If the Julia packages don’t suffice for your needs, and the Python interface doesn’t get you where you want to go, you can also install a package that gives you generic interfaces to R (RCall) and Matlab.
Julia for financial analysts and quants
Quants and financial analysts will find many free packages to speed their work, as shown in the screenshot below. In addition, Julia Computing offers the JuliaFin suite, consisting of Miletus (a DSL for financial contracts), JuliaDB (a high performance in-memory and distributed database), JuliaInXL (call Julia from Excel sheets), and Bloomberg connectivity (access to real-time and historical market data).
Julia for researchers
Researchers will find many packages of interest, as you can see from the category names in the right-hand column above. In addition, many of the base features of the Julia language are oriented towards science, engineering, and analysis. For example, as you can see in the screenshot below, matrices and linear algebra are built into the language at a sophisticated level.
As you’ve seen, you can use Julia and many packages for free, and buy enterprise support and advanced features if you need them. There are a few gotchas to consider as you’re starting to evaluate Julia.
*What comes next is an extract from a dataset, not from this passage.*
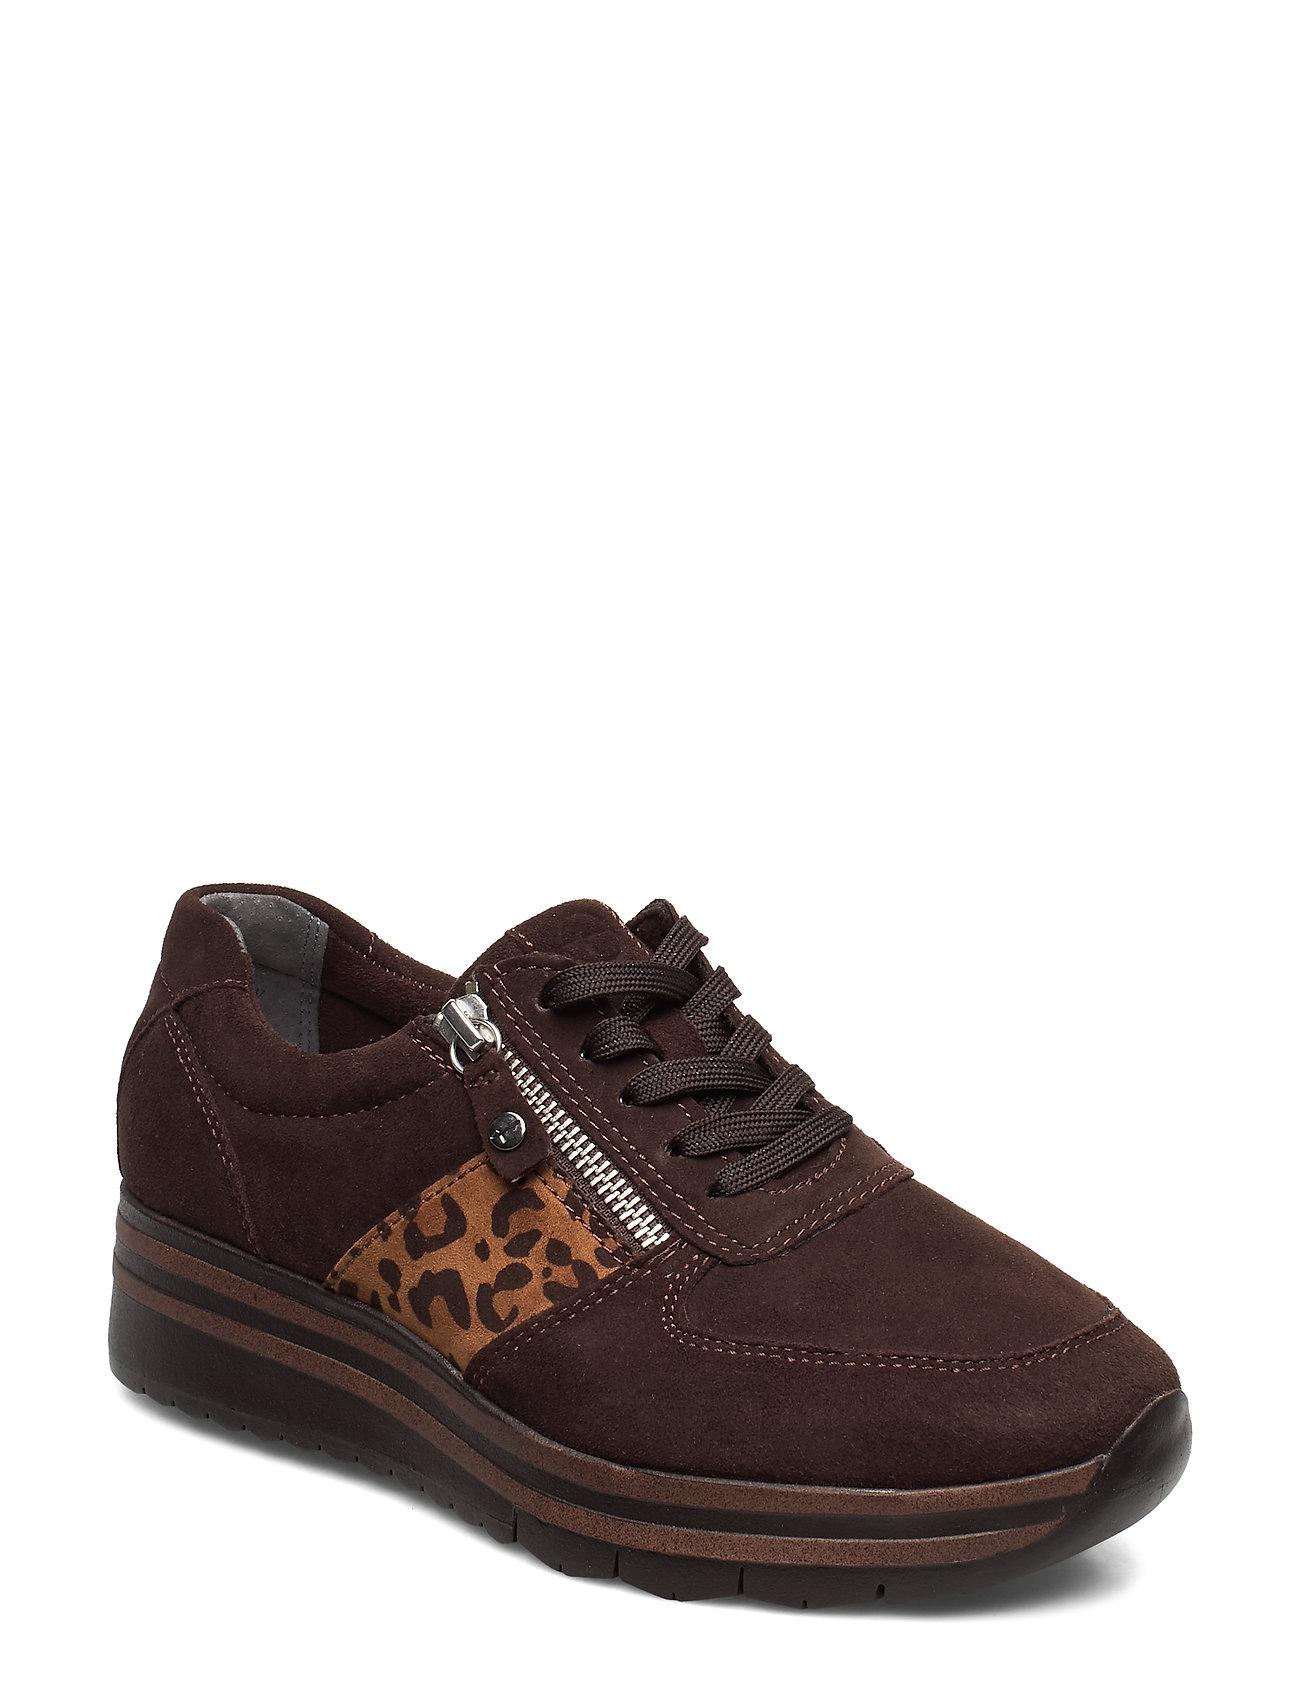 Image of Woms Lace-Up Low-top Sneakers Brun Tamaris (3305107147)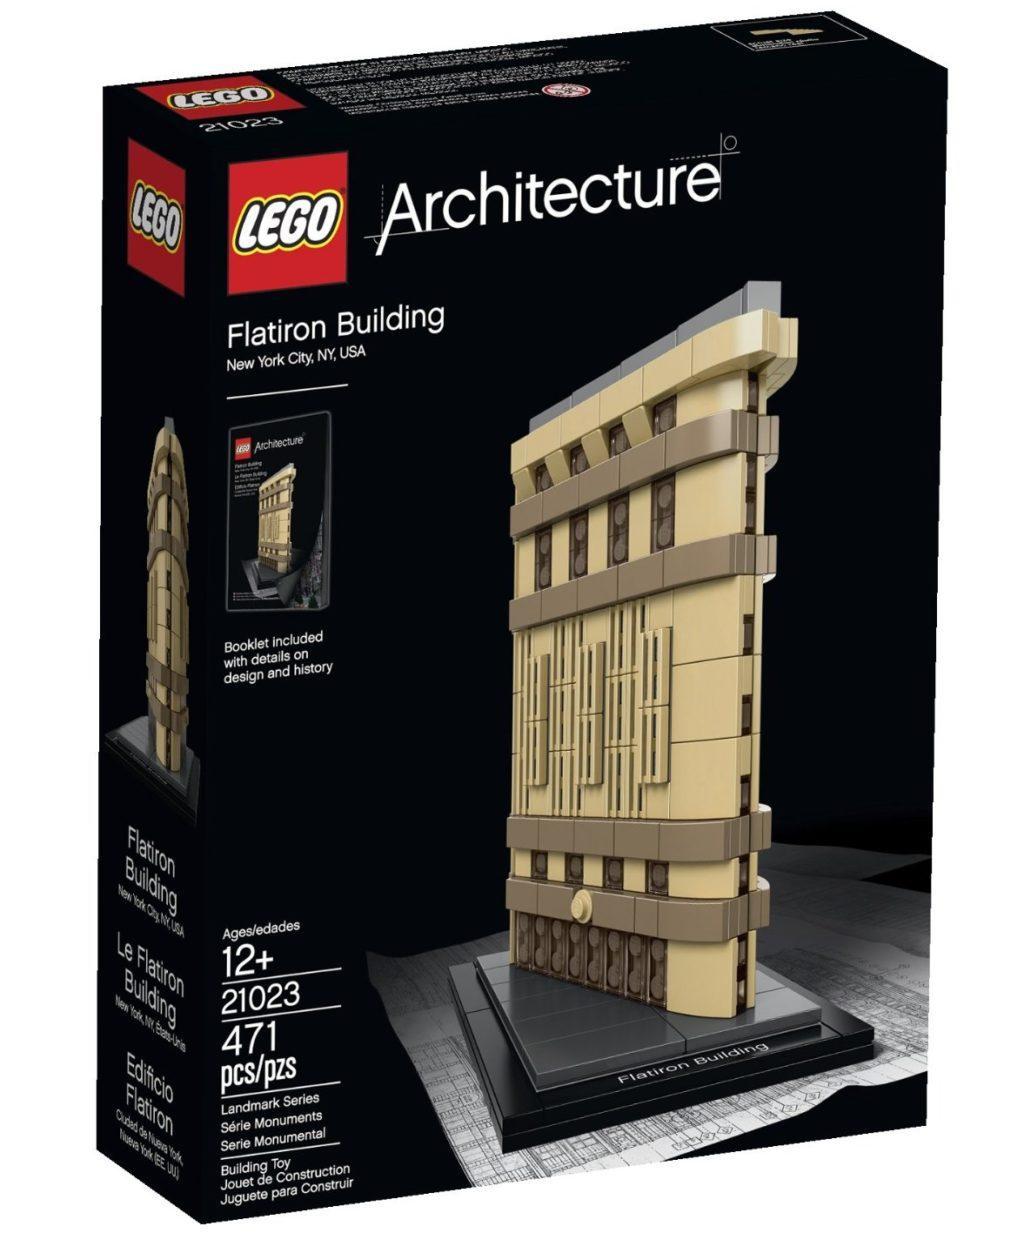 Lego Architecture Flatiron Building e1486990532436

First, you need to know that ordinary global variables make Julia slow. That’s because variables at global scope don’t have a fixed type unless you’ve declared one, which in turn means that functions and expressions using the global variable have to handle any type. It’s much more efficient to declare variables inside the scope of functions, so that their type can be determined and the simplest possible code to use them can be generated.
Second, you need to know that variables declared at top level in the Julia command line are global. If you can’t avoid doing that, you can make performance a little better (or less awful) by declaring them
const. That doesn’t mean that the value of the variable can’t change—it can. It means that the type of the variable can’t change.